Return the whole listing unchanged. Drop the images.

→ Given material:
::::::::::
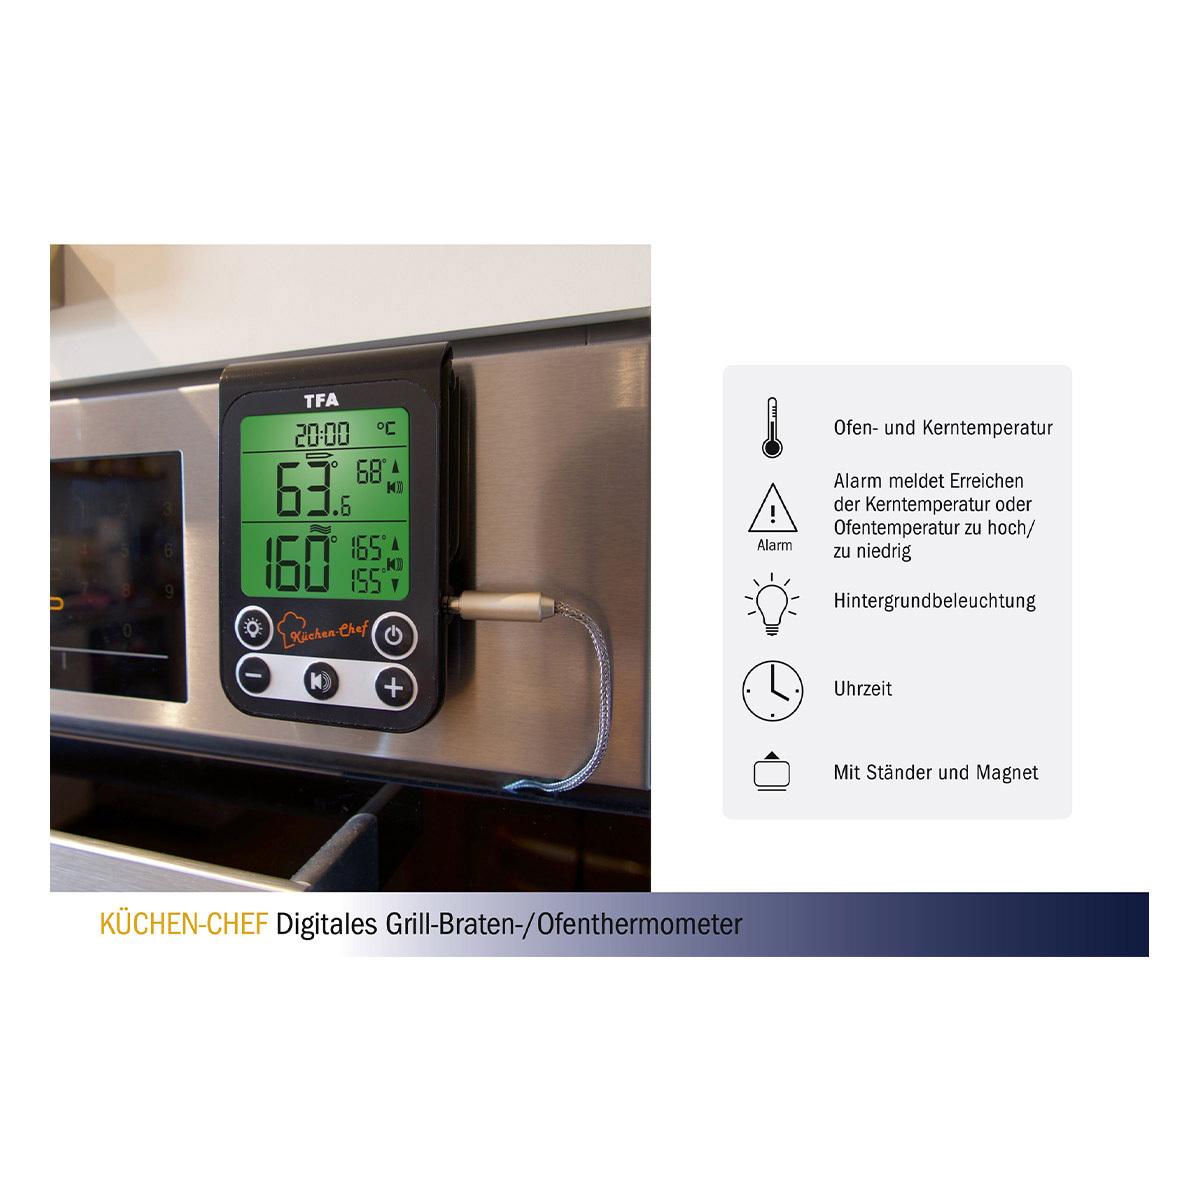 14-1512-01-digitales-grill-braten-ofenthermometer-küchen-chef-icons-1200x1200px.jpg
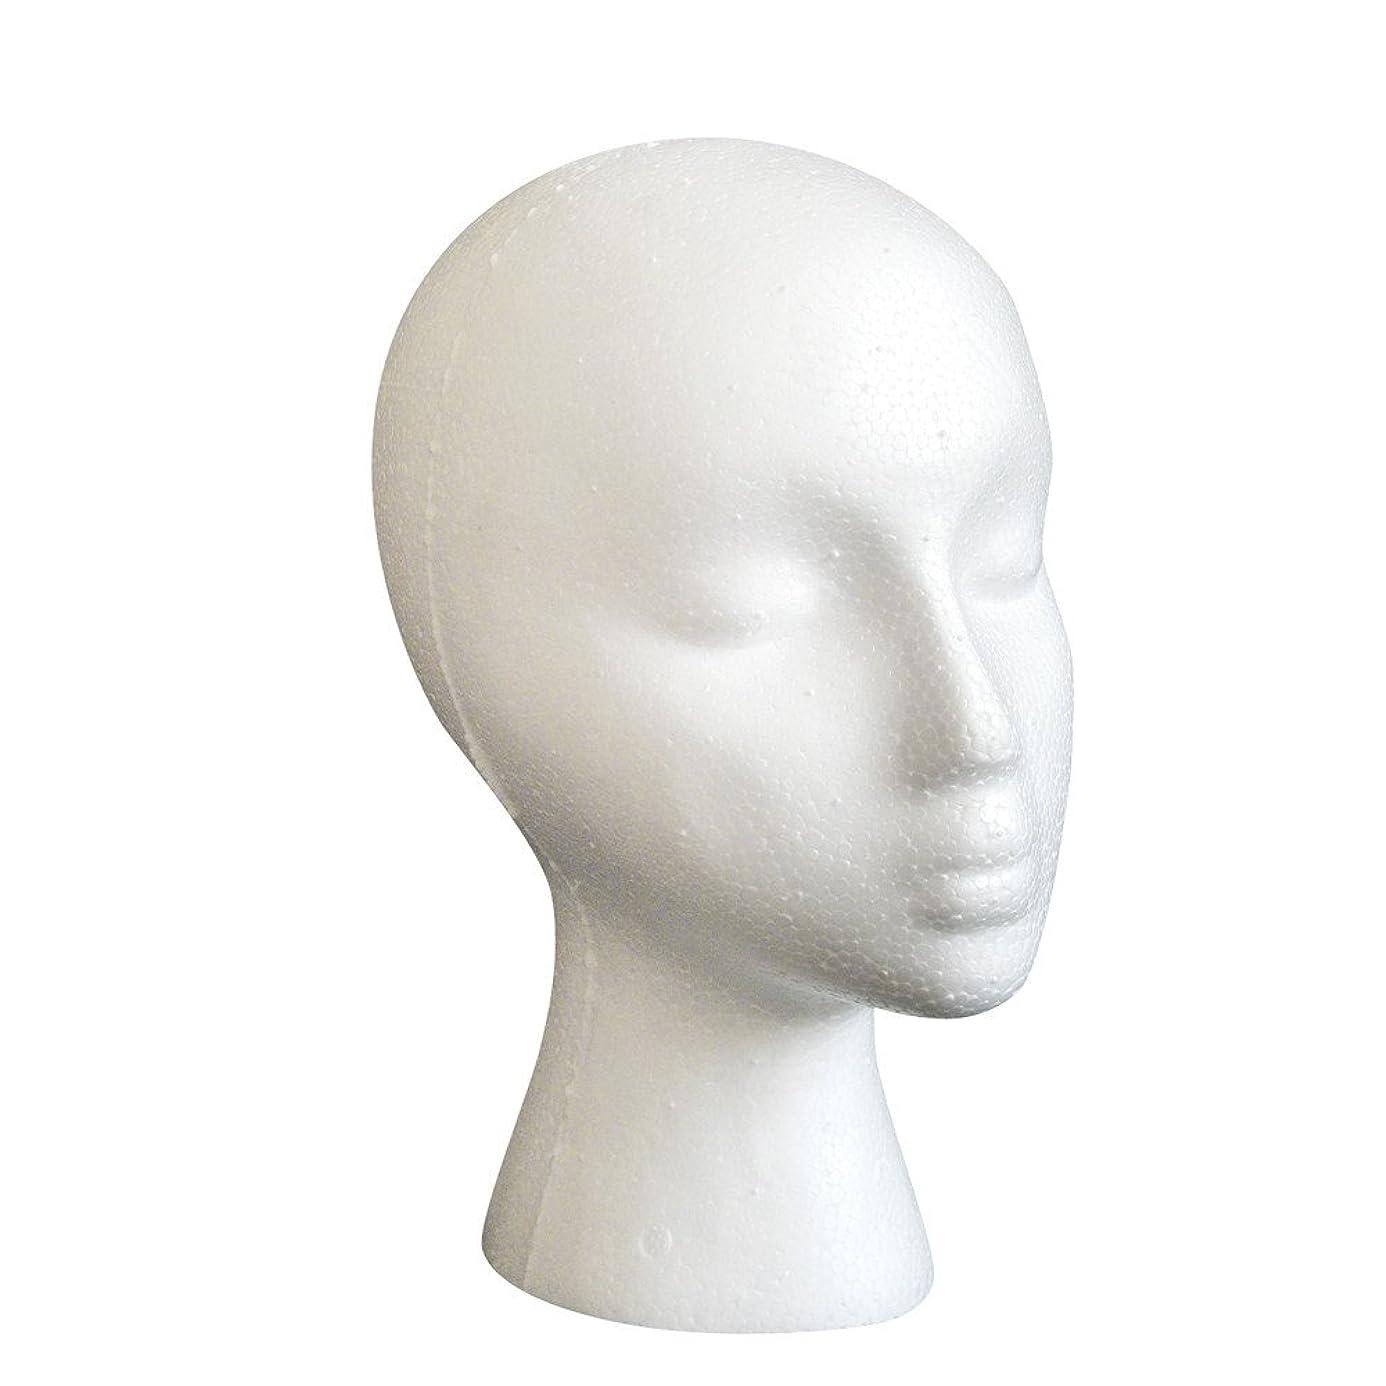 Muranba 2019 ! Styrofoam Foam Mannequin Female Head Model Dummy Wig Glasses Hat Display Stand Black
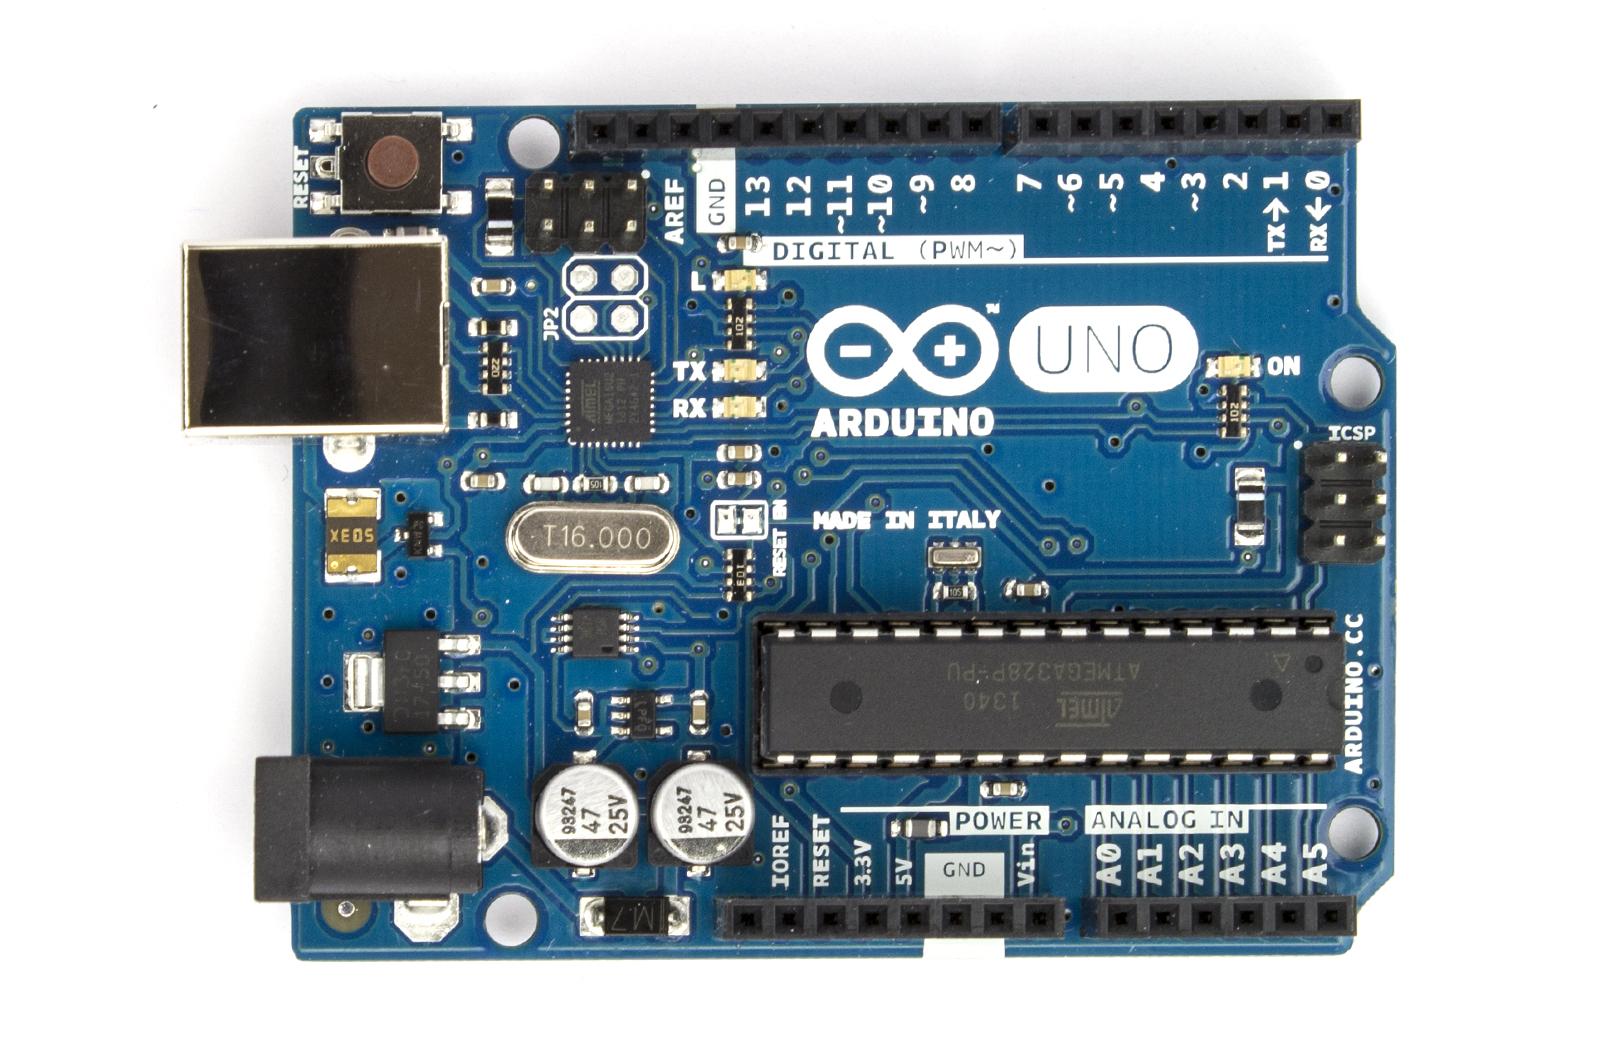 Arduino uno R3 (แถมสาย USB )
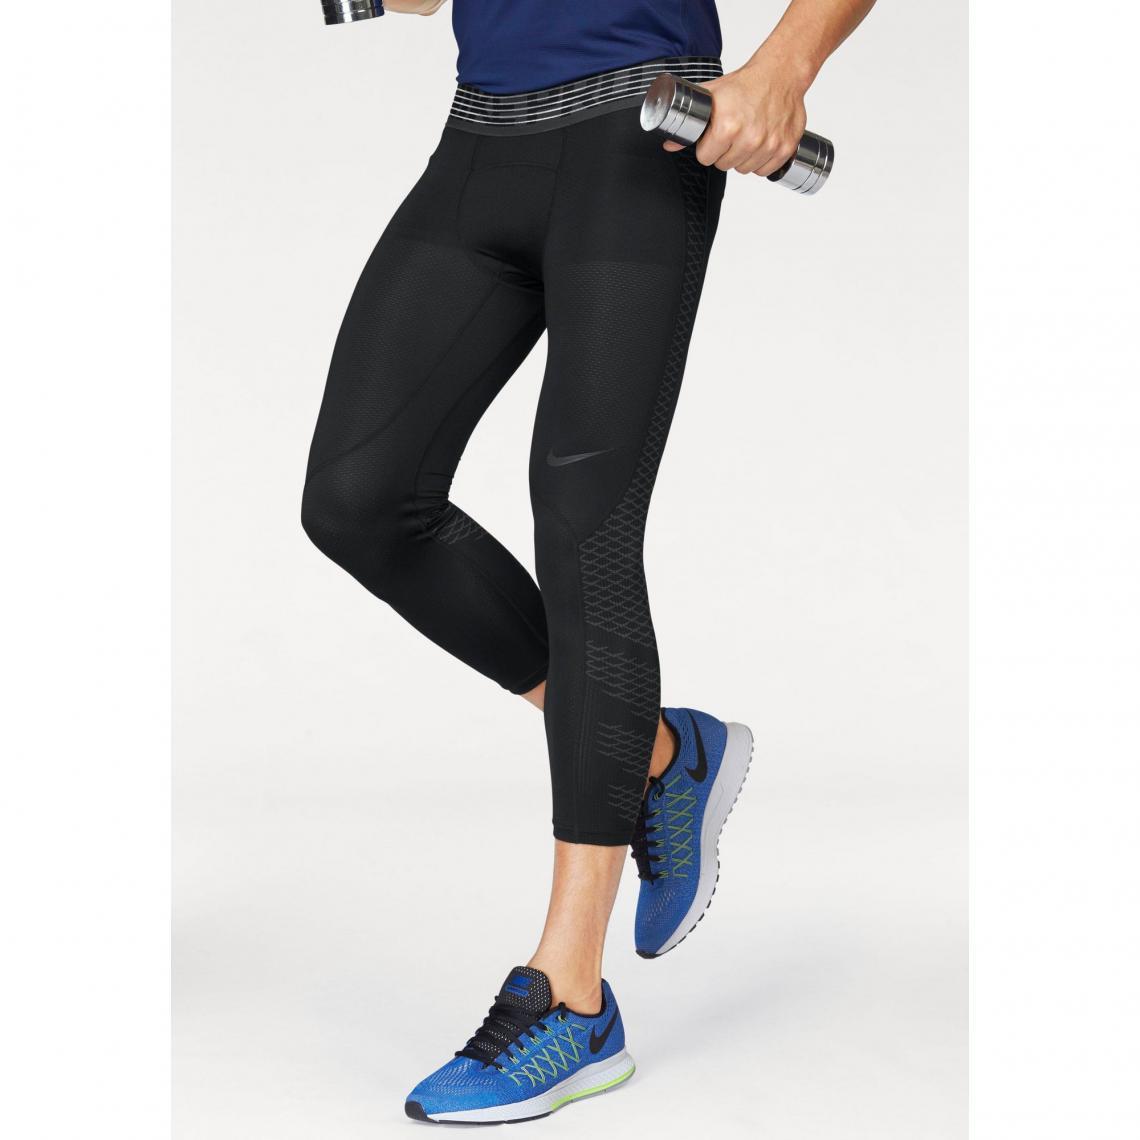 Collant de sport 34 homme Pro Hypercool Tight 3QT Nike - Noir Nike Homme 12549bd3aee
::::::::::
→ Response:
 14-1512-01-digitales-grill-braten-ofenthermometer-küchen-chef-icons-1200x1200px.jpg
 Muranba 2019 ! Styrofoam Foam Mannequin Female Head Model Dummy Wig Glasses Hat Display Stand Black
 Arduino uno R3 (แถมสาย USB )
 Collant de sport 34 homme Pro Hypercool Tight 3QT Nike - Noir Nike Homme 12549bd3aee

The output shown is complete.